### Source material
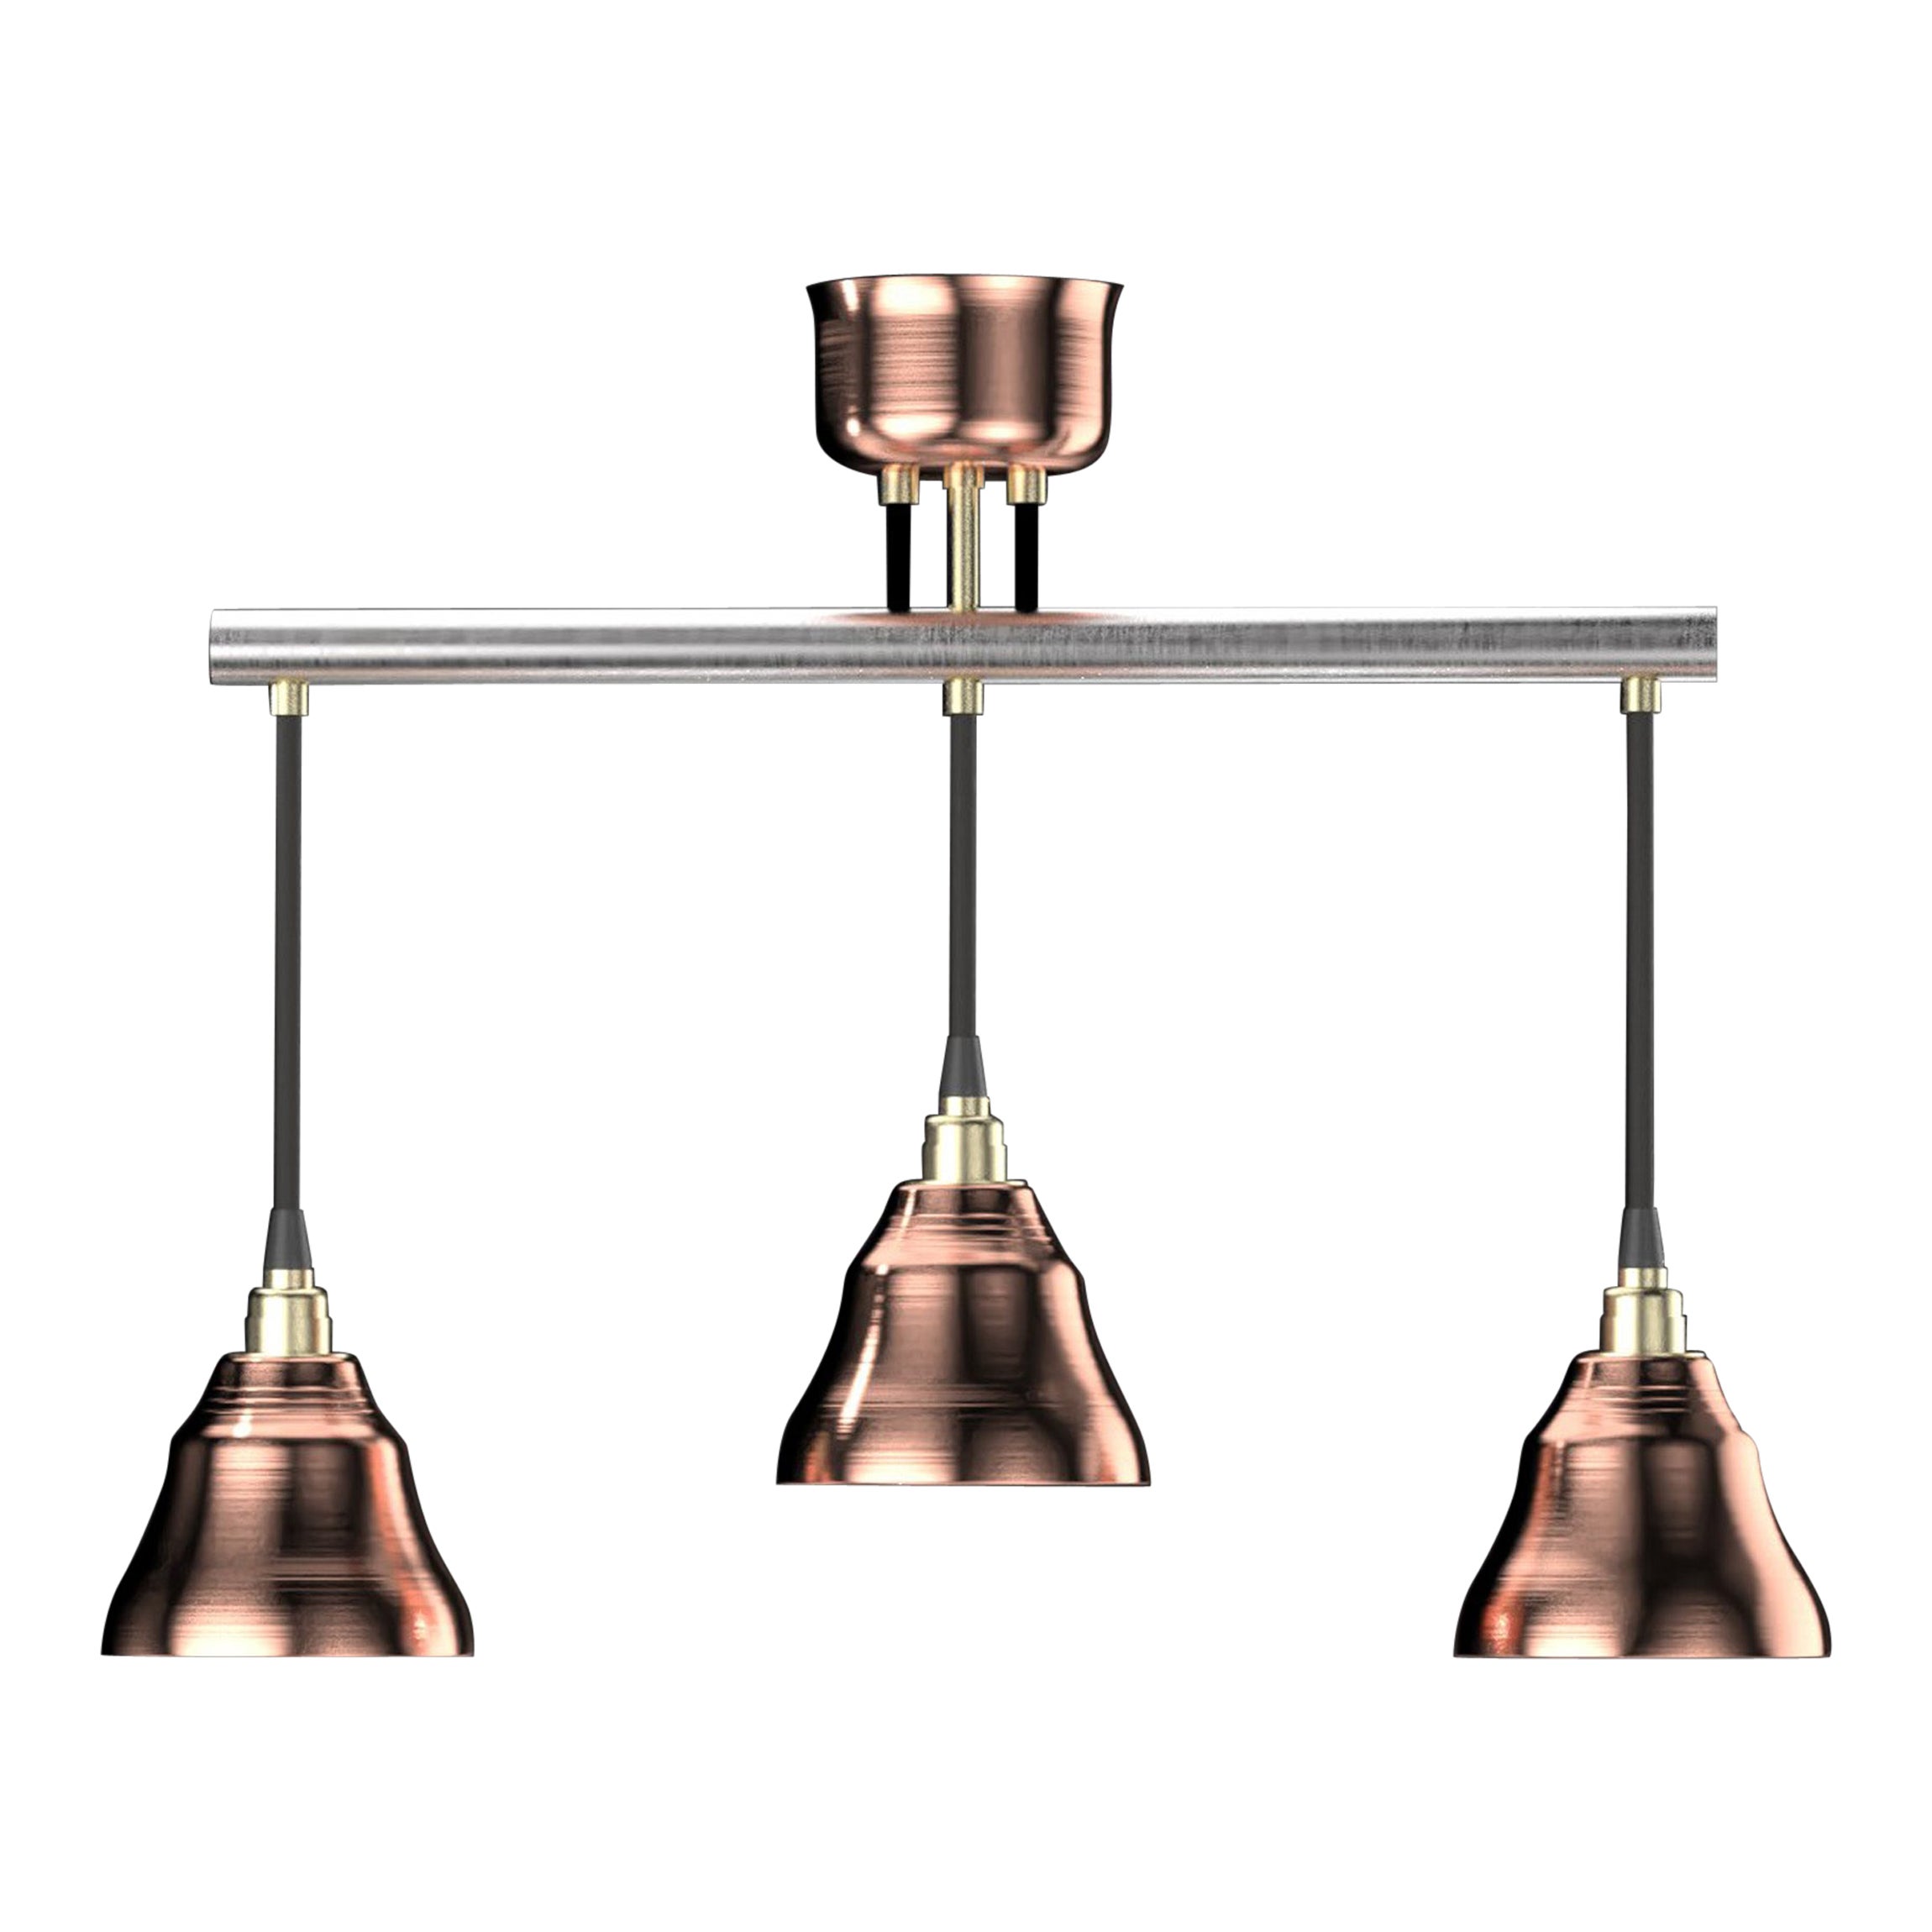 Edimate Stainless Steel / Copper Spot V3 Ceiling Light, Handmade in France For Sale
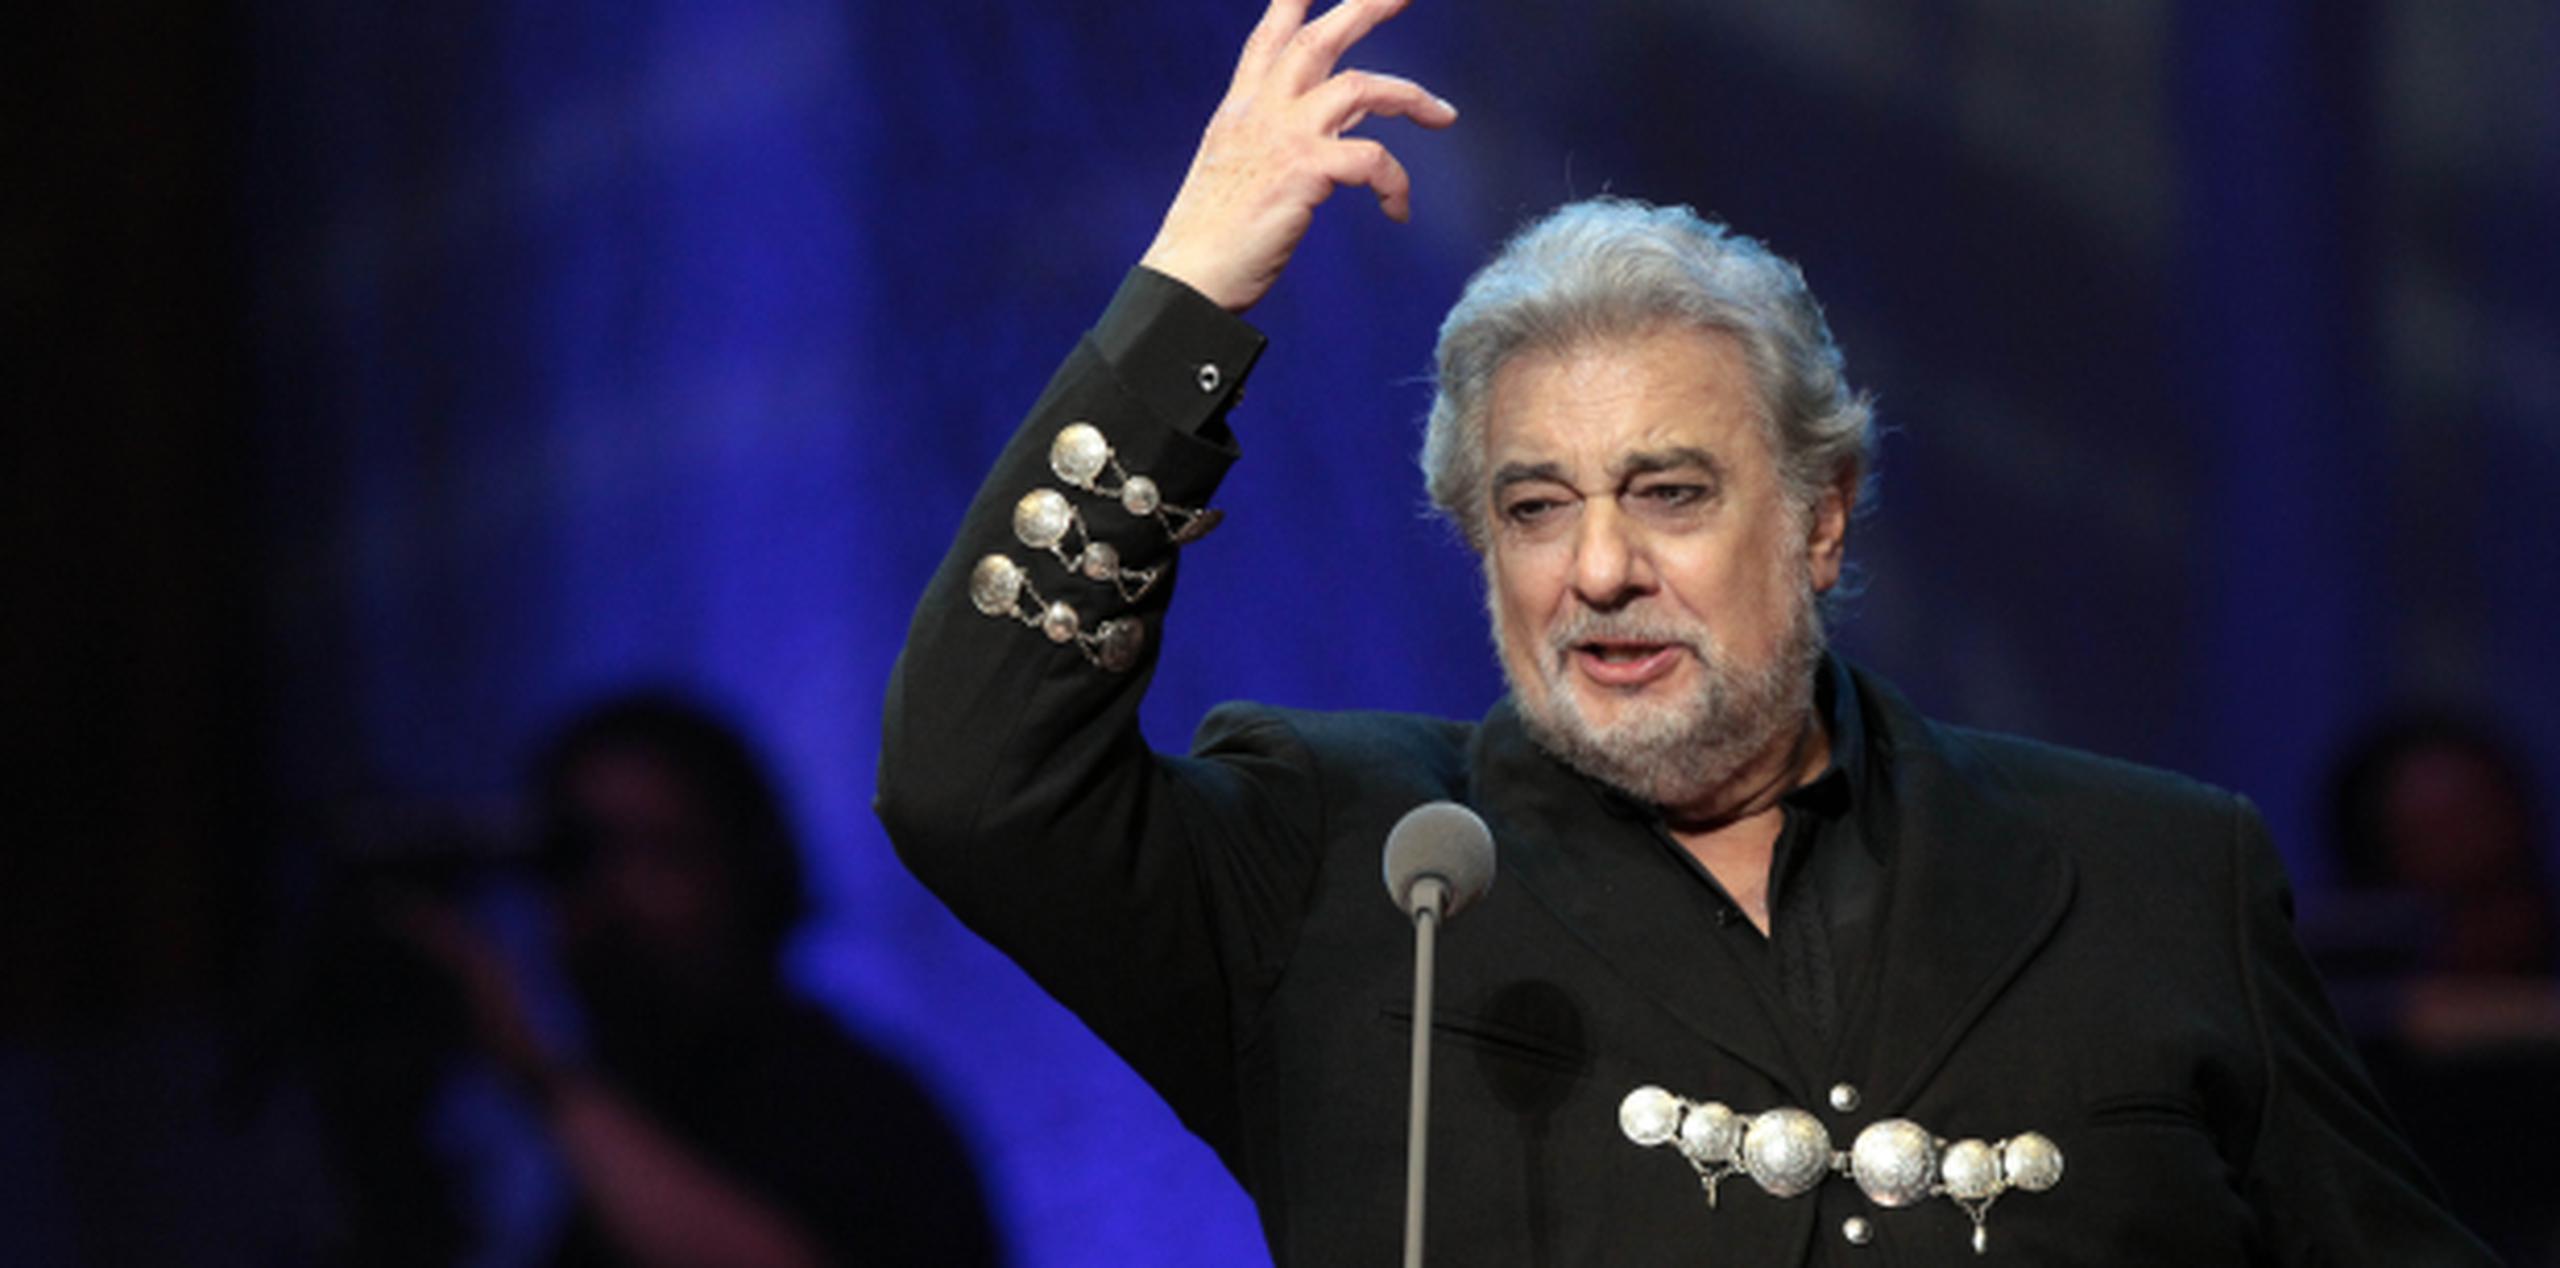 Se espera que el tenor español de 72 años se recupere por completo, dijo su publicista. (Archivo)
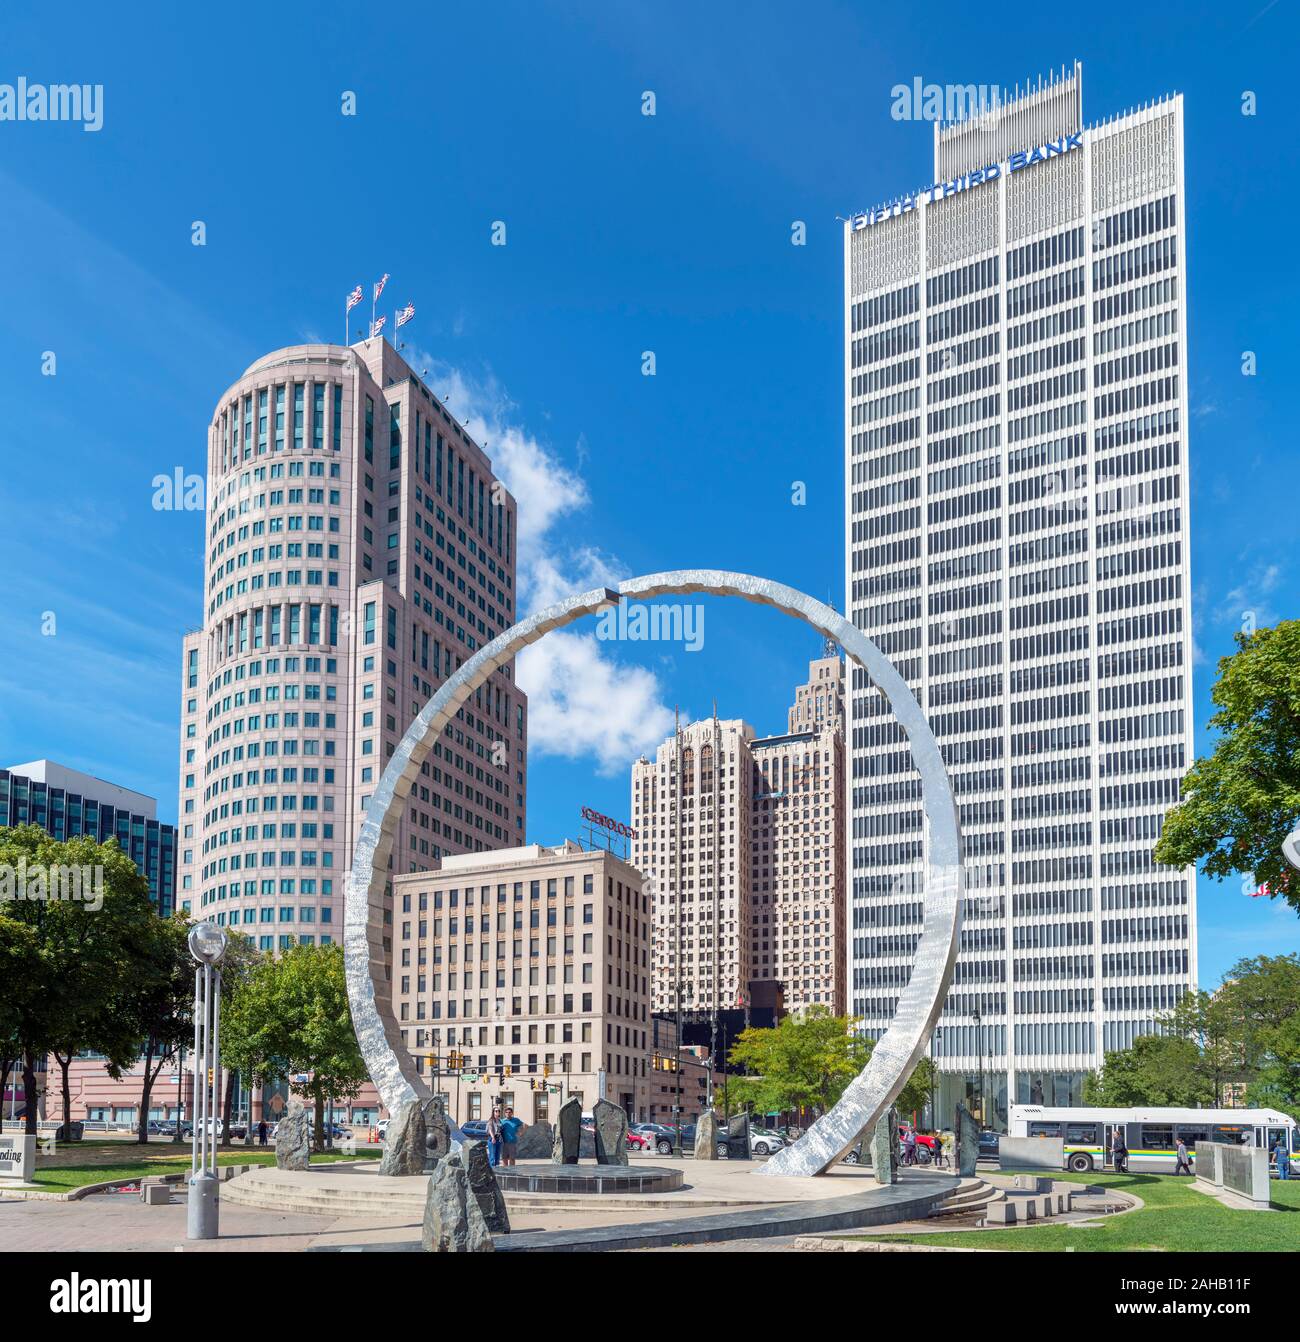 La ciudad de Hart Plaza, con el trascender la escultura en primer plano, Detroit, Michigan, EE.UU. Foto de stock

### Aim of the task
Nothing but the lines from the one containing "Se espera que" through the last line of the material may appear in the answer, transcribed exactly and with no pictures.

### Answer area
 Se espera que el tenor español de 72 años se recupere por completo, dijo su publicista. (Archivo)
 La ciudad de Hart Plaza, con el trascender la escultura en primer plano, Detroit, Michigan, EE.UU. Foto de stock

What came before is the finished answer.